Wednesday, May 24, 2006

Saudi Arabia's public school textbooks promote intolerance of Christians and Jews

Hassan Fattah:

A first-grade student is taught that "Every religion other than Islam is false"; the teacher instructed to "Give examples of false religions, like Judaism, Christianity, paganism, etc." Fifth graders learn "It is forbidden for a Muslim to be a loyal friend to someone who does not believe in God and his prophet, or someone who fights the religion of Islam."

Those lessons are among numerous examples cited in a controversial new study of Saudi Arabia's religious curriculum released Tuesday by the Center for Religious Freedom, part of Freedom House, a nonprofit group in Washington that seeks to encourage democracy. Despite official pronouncements that curriculum change is marching ahead, intolerance continues to pervade religious education in Saudi public schools, the report says.
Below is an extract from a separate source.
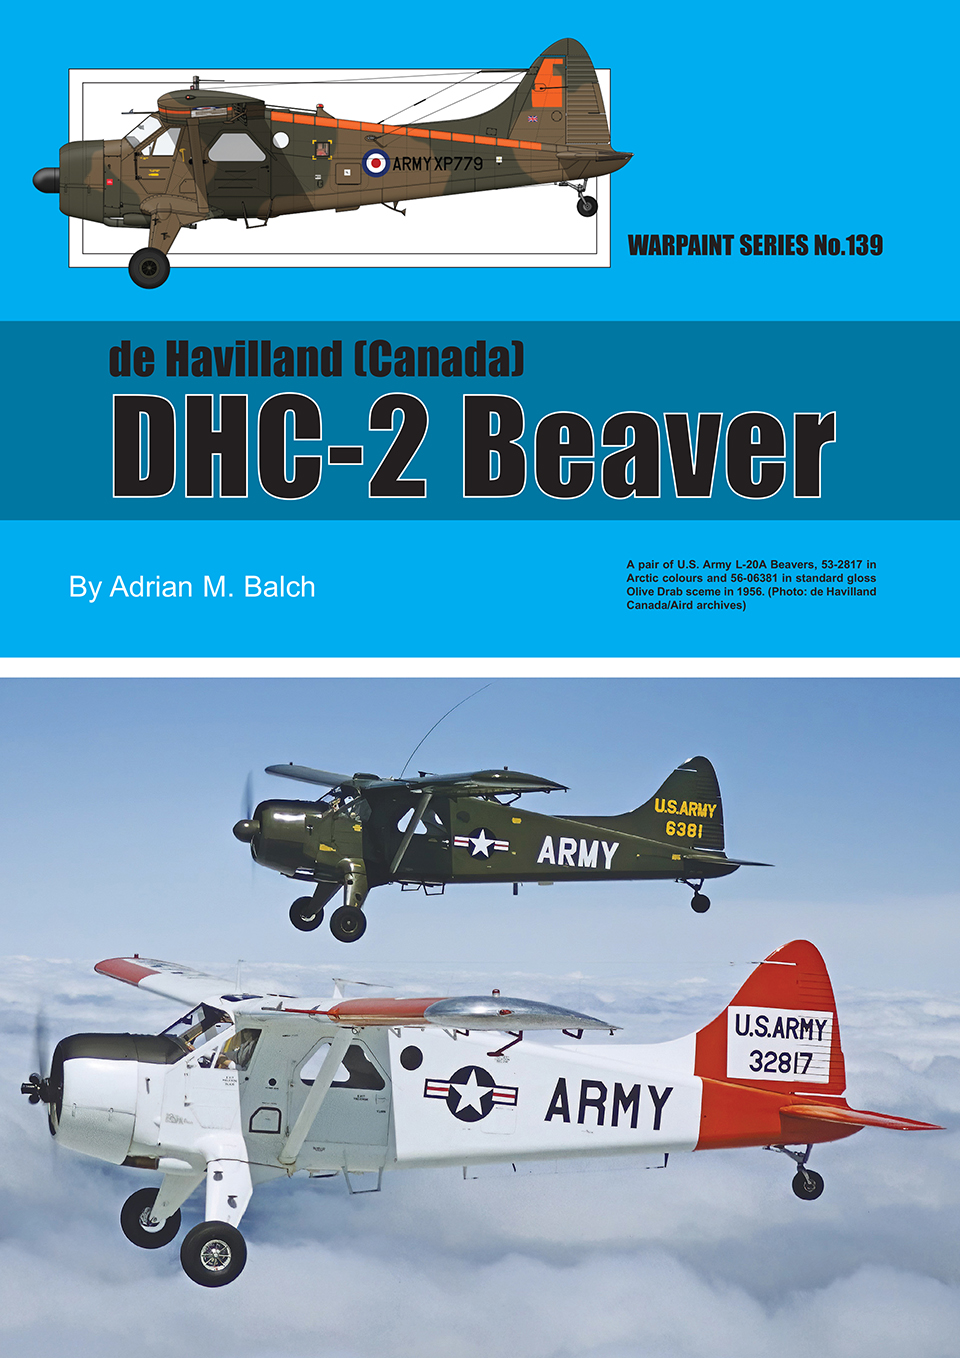 Guideline Publications Ltd Warpaint 139 de Havilland (Canada) DHC-2 Beaver By Adrian M Balch

"It is not hate speech here and there, it is an ideology that runs throughout," Nina Shea, the center's director and principal author of the report, said in a telephone interview from Washington. "It adds up to an argument, an ideology of us versus them."

The report's authors, who worked with the Institute for Gulf Affairs, a research group based in Washington that focuses on the Middle East, obtained 12 history and religion textbooks from parents of Saudi schoolchildren, and translated the texts. The textbooks were used last year in Saudi schools and Saudi-run schools in Washington, London, Paris and several other cities, the report said.

The results, they say, outline a systematic theme of "hatred toward 'unbelievers,' " mainly Christians, Jews, Hindus and atheists, but also Shiites and other Muslims who do not ascribe to the country's orthodox Wahhabi teaching of Islam.